Currently, gas detectors have proven to be a choice for detecting particles with low emission of energy. In these detectors, the light produced by the de-excitation of the gas molecules during the multiplication process of electrons can be captured by a camera based on CMOS (Complementary Metal-Oxide-Semiconductor) technology [2]. The acquired images can be processed for better pictorial information and for a more effective human interpretation. Moreover, additional information can be extracted and processed by classifiers for applications in pattern recognition and machine learning.

For improving the detection and classification of patterns in images, it might be necessary a good pre-processing, mainly on images that have a low signal-noise ratio. To evaluate the impact of any pre-processing technique, a simulated data-set may be essential to assess the potential of any proposed algorithm and, in general, as an aid in the search for solutions to mitigate the effect of noise on images.

This work proposes a study aiming at understanding the importance of filtering for the CYGNO experiment [3] regarding the improvement of the signal-to-noise ratio of its captured images, evaluating, in a first approach, the efficiency of detection of straight tracks using spatial filters. To accomplish this task, a simulation tool is also proposed.

The present paper is organized as follows: Sect. 2 describes the used data-set and the analysis methodology. The image generation procedure is explained in Sect. 3 and the filters definitions are presented in Sect. 4. Section 5 shows the relevant results and discusses the applicability of the method. Section 6 concludes this work.

2 Data-Set Definition and Analysis Methodology

In this section an overview of the data-set used in this work and of the analysis methodology are given.

2.1 Data Set

The Cygno experiment aims to develop a triple-GEM (Gaz Electron Multiplier) detector with combined read-out system by using an optical readout structure employing high granularity and low noise CMOS sensors to obtain a good-enough tracking performance for measuring low energy particles to search for Dark Matter massive particles. The detector is developed to read the light produced by the de-excitation of gas molecules during the processes of electron multiplication.

In this work we are using the data acquired by the ORANGE (Optically Readout GEm) prototype, which is described in details in [4,5,6]. A \(10 \times 10\) cm\(^2\) Triple GEM structure, with a 1 cm high drift gap, using a binary gas mixture \(He/CF_4~60/40)\), was readout by an Orca Flash 4 CMOS-based cameraFootnote 1 equipped with a large aperture (f/0.95) lens, as shown in Fig. 1.

Fig. 1.
figure 1

Drawing (not to scale) of the triple-GEM stack with the lens and the CMOS camera. The drift and transfer gaps are shown.

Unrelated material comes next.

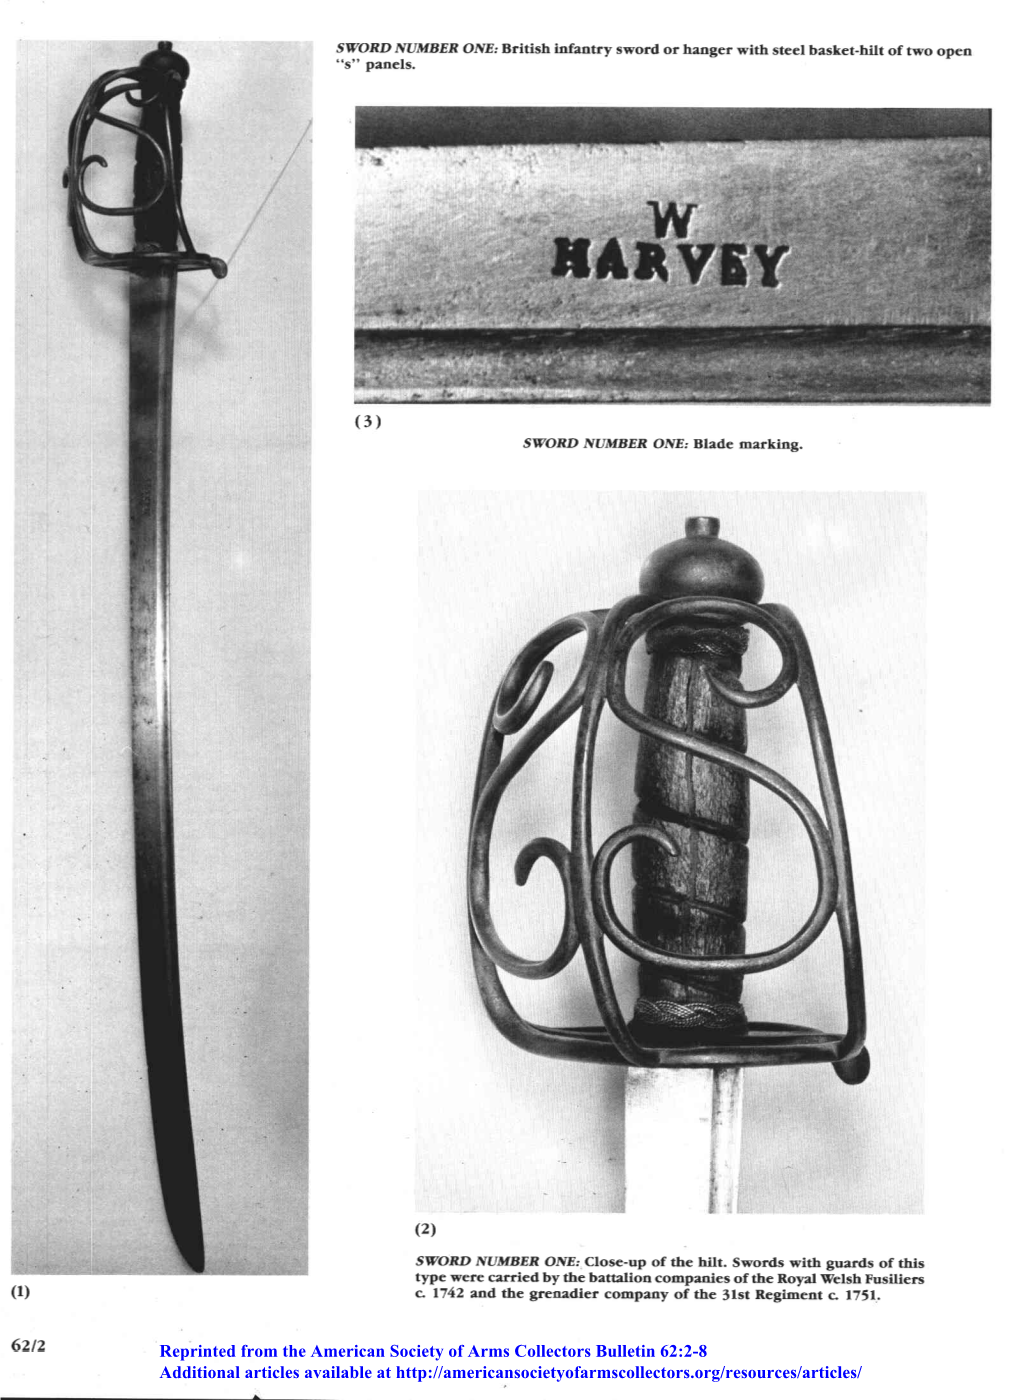 Mid-18Th Century British Military Swords with Open "S" Paneled Guards: an Update Anthony D

The images composing the data-set were acquired in free-running mode, without any trigger and a AmBe neutron source placed near to detector. Images produced by the GEM were recorded with an exposure of 2 s and all data were saved without any selection. Figure 2 shows two images generated by the detector for illustration.

Fig. 2.
figure 2

Images acquired by the ORANGE prototype.

The tracks to be identified have different shapes and different intensities (luminosity). For this work, the main features of the straight tracks (signal) and of the noise have been extracted to study the images characteristics and to use them as input for the proposed simulation tool.

2.2 Analysis Methodology

The proposed analysis steps are summarized in Fig. 3. It can be divided into 4 steps, as follows:

  • Signal and background extraction

    Using a real data-set acquired by ORANGE, the straight tracks and the image noise are studied and their main parameters characterized (see Sect. 3.1).

  • Image generation

    In this step the tracks and noise are generated based on the parameters extracted from real data. For each track, its contrast is swept in order to produce a data-set which allows evaluating the filters performance for many levels of difficulty (see Sect. 3.2).

  • Image filtering

    Filtering techniques are then applied to improve the signal-to-noise ratio of the images. For this work, some of the most used spatial filters (mean, median and Gaussian filters) are employed (see Sect. 4).

  • Performance evaluation

    The last step is then, after performing a binarization of the image using a simple threshold level based on intensity, measure the number of signal pixels and the number of noise pixels with intensities above the threshold to produce two parameters: DE (detection efficiency) and FA (false alarm), respectively (false alarm might be seen as its counterpart known as background rejection, given by \(\mathrm{BR}= 1-\mathrm{FA}\)).

Fig. 3.
figure 3

Analysis steps.

3 Simulation Tool

In this section, the steps performed to obtain a first proposal of a simulation model based on the images acquired by the ORANGE prototype will be presented. The objective here would be only to create a tool that facilitates the evaluation of any method of image processing that could be considered by the Experiment.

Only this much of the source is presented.